This is a rush transcript from "Your World," August 19, 2016. This copy may not be in its final form and may be updated.

STUART VARNEY, GUEST HOST:  Now to Louisiana Republican Congressman Garret Graves.  He has been pushing for more national attention to the flooding, and it looks like he is going to get it.  You must be pleased with the president's visit.  He's coming Tuesday, just announced.  

REP. GARRET GRAVES, R-LOUISIANA:  I think it's great news.  I think that this is something that a lot of people are really struggling with, watching the president play golf while we're in chest-deep water.  

I know Jeh Johnson has been down here, Homeland Security, Craig Fugate from FEMA.  And that is certainly good.  But I think people really want to see that leadership, that recognition and understand that the White House really appreciates the gravity of the devastation here.  

VARNEY:  Are you expecting the president to bring with him some federal help?  

GRAVES:  Look, this devastation is really incredible, 1,000-year storm event.  

We received over 31 inches of rain in some of our communities.  That's the national annual average for the United States.  So, this isn't some just traditional disaster that occurs on an annual basis.  This really is an extraordinary event.  

VARNEY:  Now, Donald Trump arrived in your area, in your state earlier today.  The media did not give him a very easy time about him being there. I want to show you the headline from Reuters came today.  "Donald Trump Tours Flooded Louisiana in Spite of Governor's Photo-Op Admonishment."

And there was this from The Los Angeles Times: "Donald Trump's Challenge in Touring Louisiana Flooding, Showing Concern, Not Opportunism."  

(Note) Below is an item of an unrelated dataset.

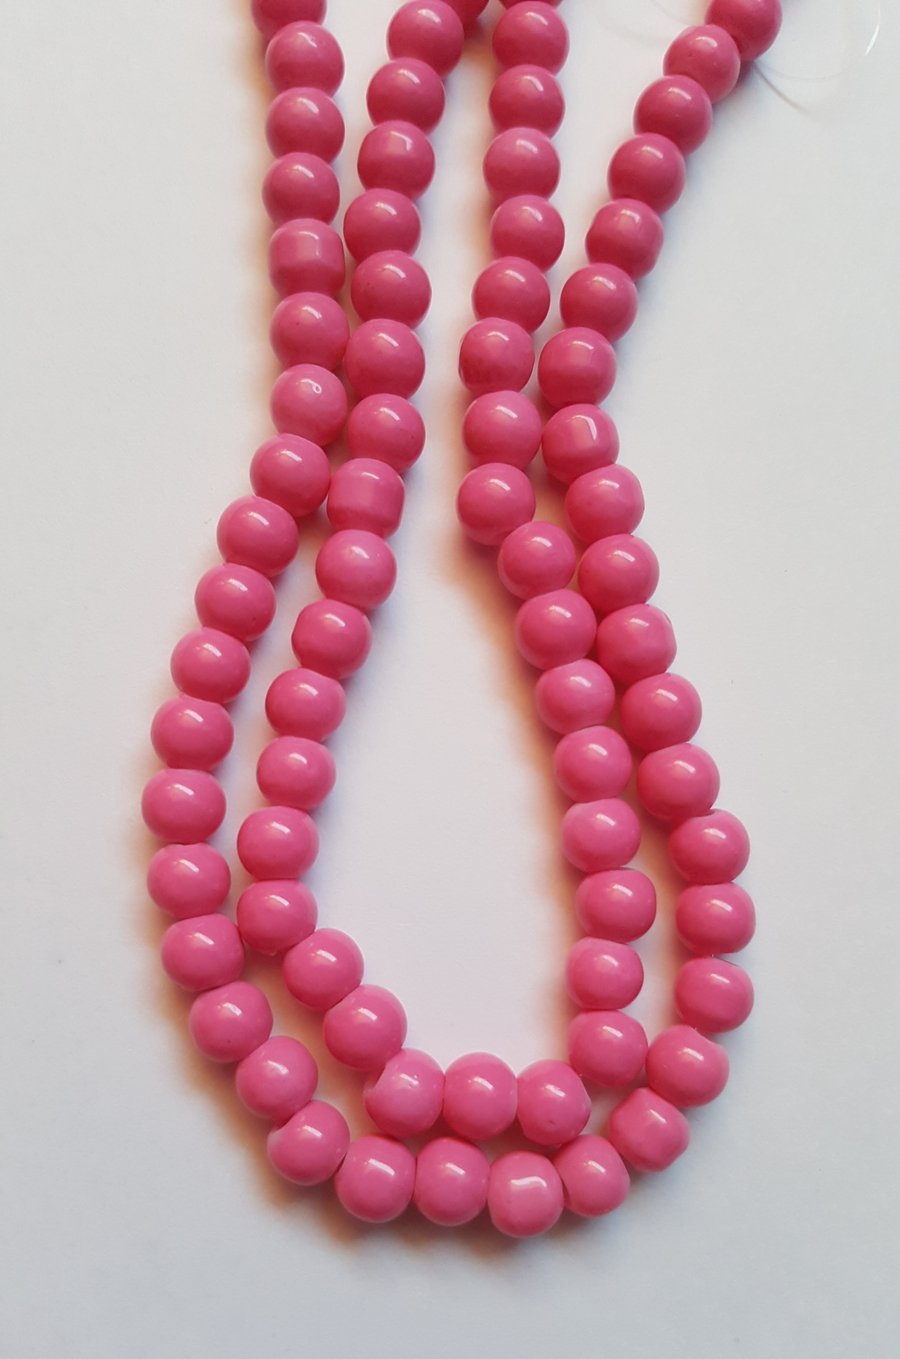 50 x Baked Glass Beads - Round - 6mm - Pink

The media is not exactly enthralled by Donald Trump's visit.  Let's see how they take the president's visit on Tuesday.  

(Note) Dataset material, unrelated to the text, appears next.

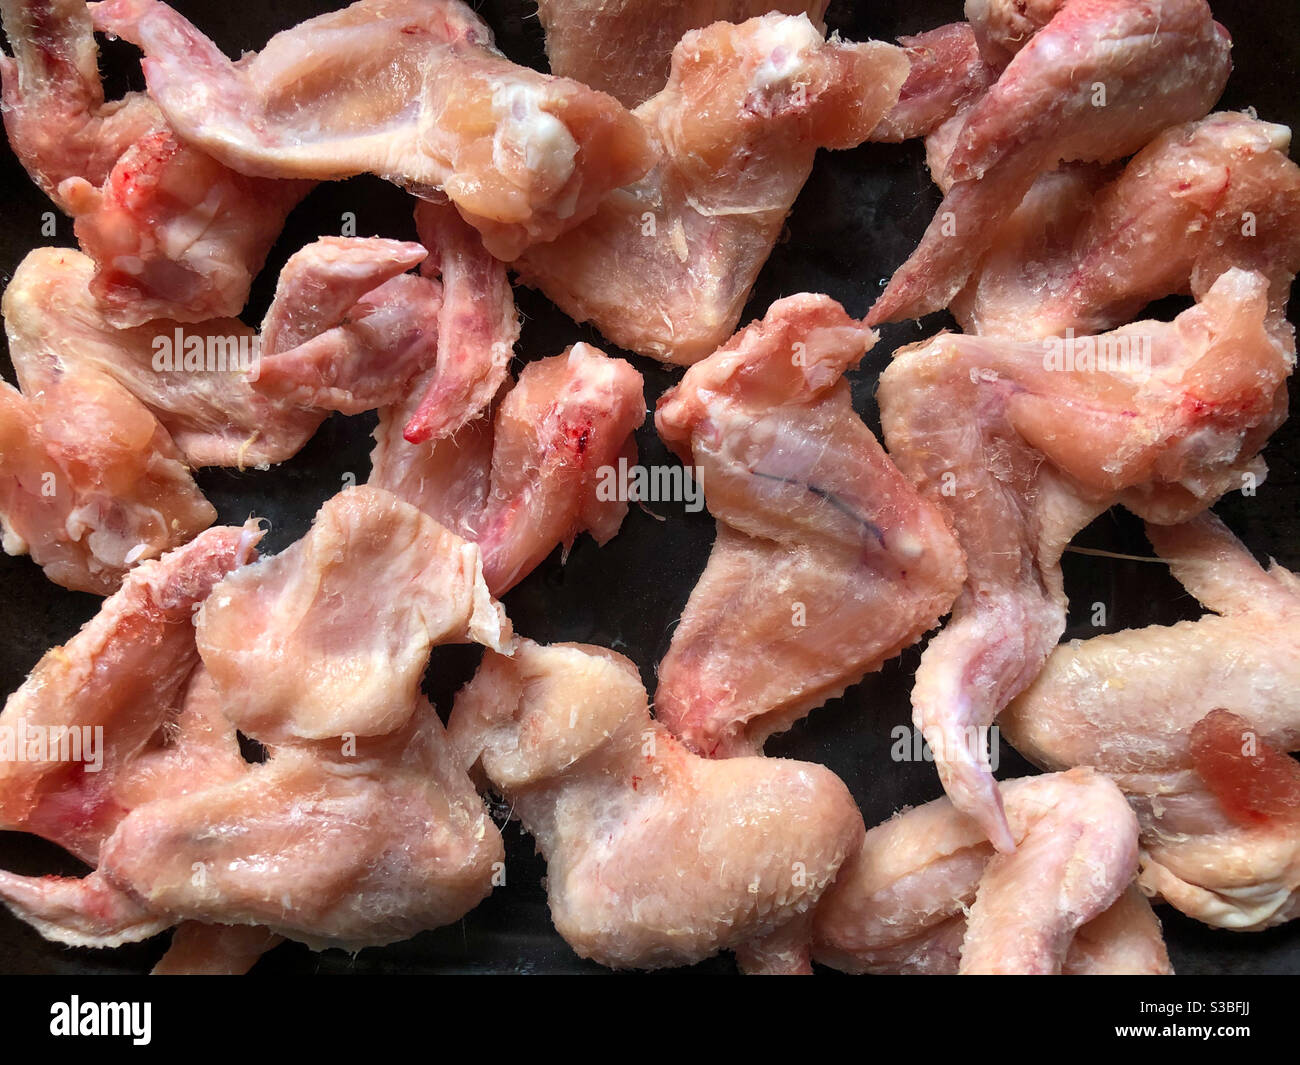 Raw chicken wings defrosting in a baking tray. Stock Photo

GRAVES:  Look, this isn't a partisan issue.  I would throw a Republican president under the bus if he didn't come down here either.  

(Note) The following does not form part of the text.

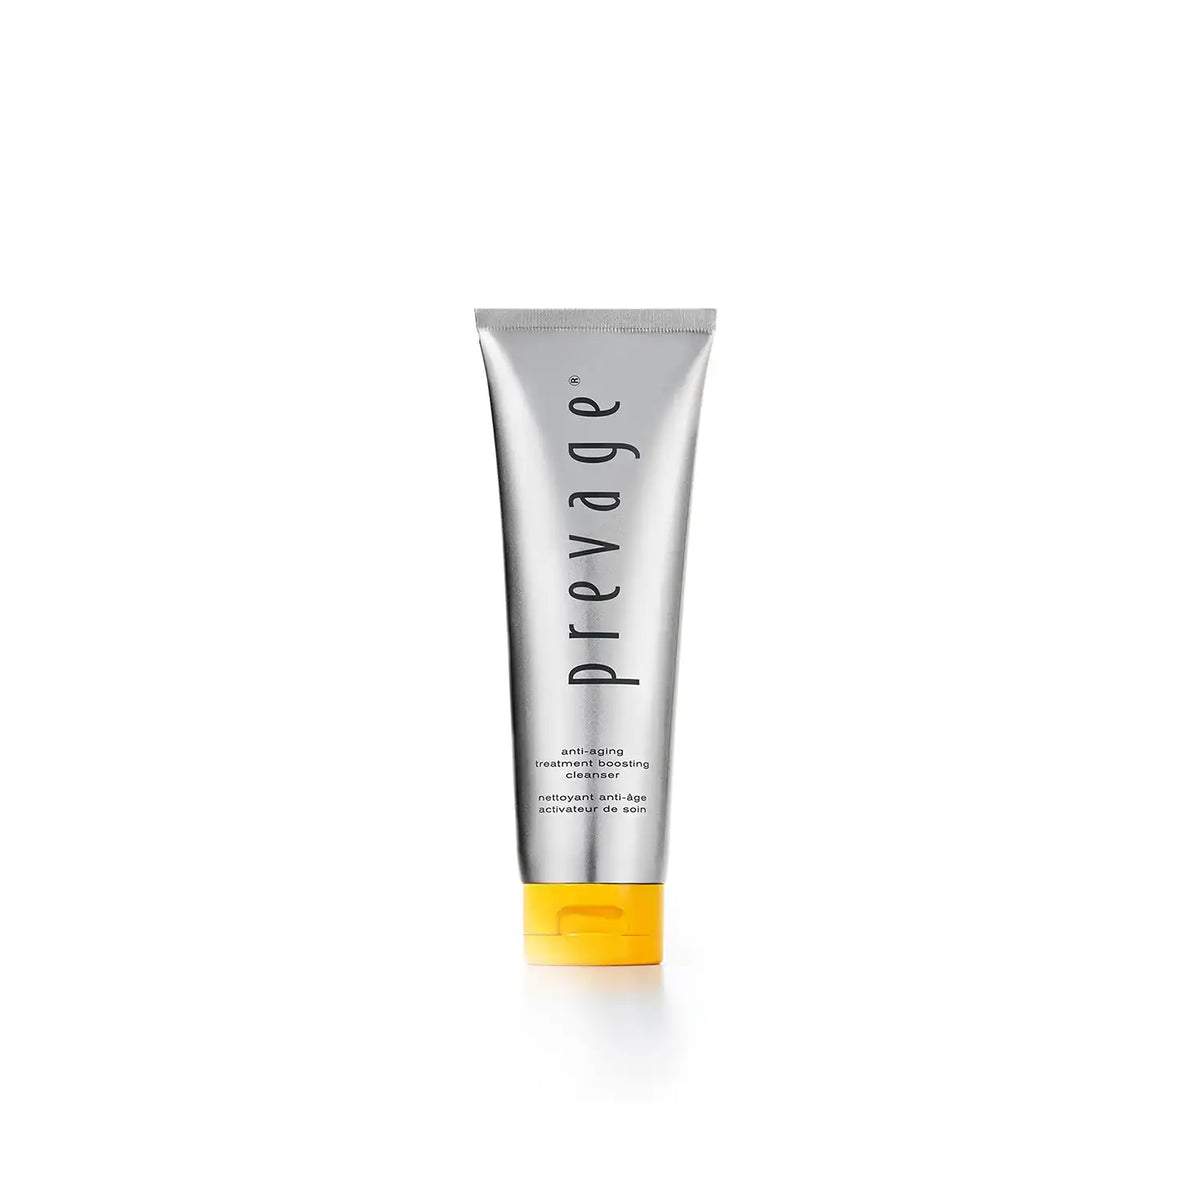 Prevage® Anti-Aging Treatment Boosting Cleanser 125ml

There are people that are feeling absolutely devastated right now. Homes flooded.  Cars destroyed.  Businesses flooded.  Schools flooded. This is something where you need to have national leadership, national action in order to really get us out toward a recovery path because many people are not seeing it right now.  

VARNEY:  Congressman, has the flooding stopped or is it receding? Have the rain stopped?  Are things getting better at this point?

GRAVES:  Well, things are getting better in many of the areas.  This water has done some really incredible things.  it's sort of teeter- tottering back and forth, areas flooding, areas draining, flooding again, because some of the areas where it's draining into is beginning to have backwater flooding.

So this has been sort of a repetitive event.  Certainly, overall, we're seeing a good bit of the area draining, but there are some areas in the southern part of the watershed that are continuing to be inundated.  

VARNEY:  Earlier today on Fox Business, I interviewed several people who had been flooded and their homes, they really can't return to them.  I take it that's a story that you're going to be hearing lot of in your area.  

GRAVES:  Absolutely.  

You can imagine homes that have had six, eight, 10 feet of water in them.  That absolutely destroys everything that's in there.  Again, many people's cars, both of their cars also completely flooded, inundated, all the way underwater.  You can't recover from that.  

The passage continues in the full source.